小説

『ビルの木』早乙女純章(『注文の多い料理店』)

「言っていることがよく分からないな」
「もちっと分かるように言ってくれ」
 文句を言うように壁を蹴ったり叩いたりしました。
 すると、また声が聞こえてきました。
「ビルになるには、それなりの栄養が必要なのだ。これだけの葉っぱを、体に吸収させるには、優秀な人間の体が一生分必要なのだ」
 突然、天井と床から、巨大なけもののキバが現れました。
「な、なんだ、ありゃ!?」
「さあ、わたしが周りに負けない優秀なビルになるために、その体をわたしに捧げるのだ」
 鋭く尖った獣のキバが二人に襲い掛かってきます。
「箱がビルになるため命まで捧げるなんて、そんなのできるわけないじゃないか」
「逃げろ、今すぐここから逃げるんだ」
 二人は犬のように手と足を必死に動かして、扉に向かいました。
 けれども自分たちで運んできた葉っぱが邪魔をして、うまく前に進めません。
「さあ、その体を、一生この箱に捧げるのだ。

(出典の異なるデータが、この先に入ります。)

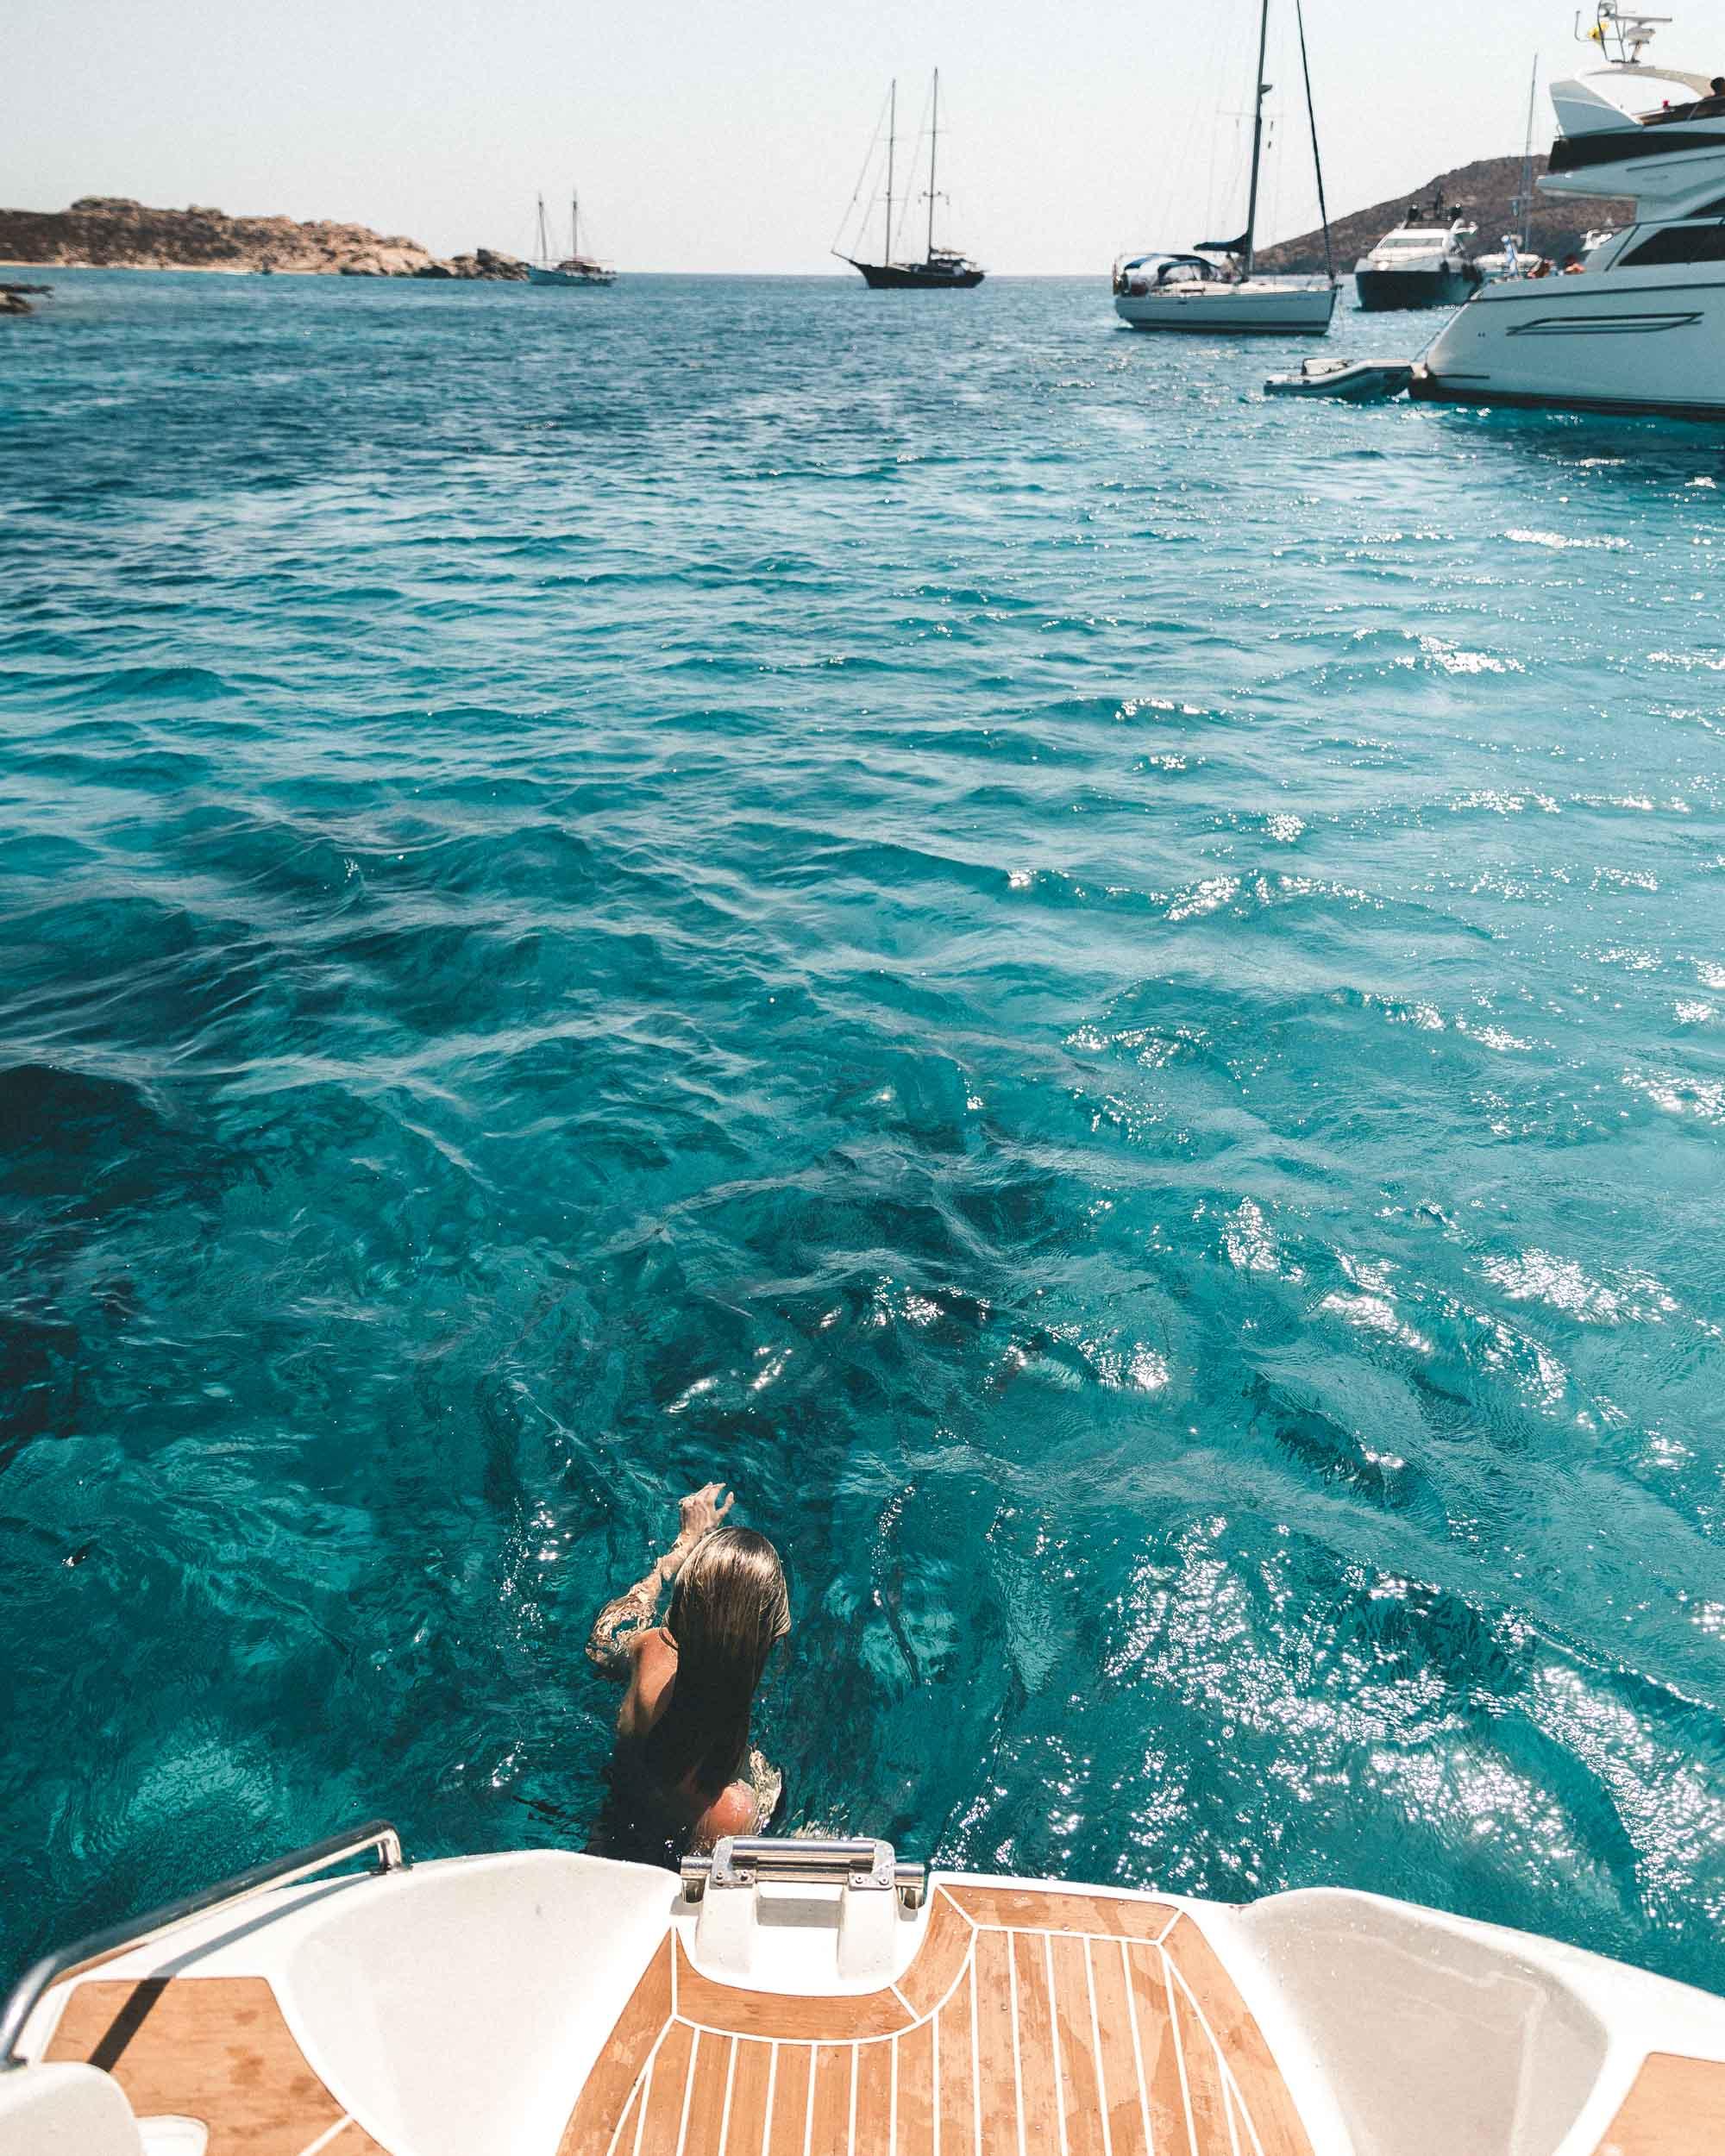 Swimming in the clear blue water in the mediterranean sea mykonos in the greek islands

なあに、恐いことじゃあない。お前たちがさっきまでしてきたように、わたしのために必死に体を動かして、働いてくれるのと、同じことだと思えばいい。わたしを優秀なビルにしたいのだろう?」
 巨大なキバは二人をすっかり挟みました。
「た、助けてくれ」
 二人は真ん中で抱き合い、がたがた震えて、泣いて助けをこいました。
 けれども、迫るキバは聞く耳を持ちません。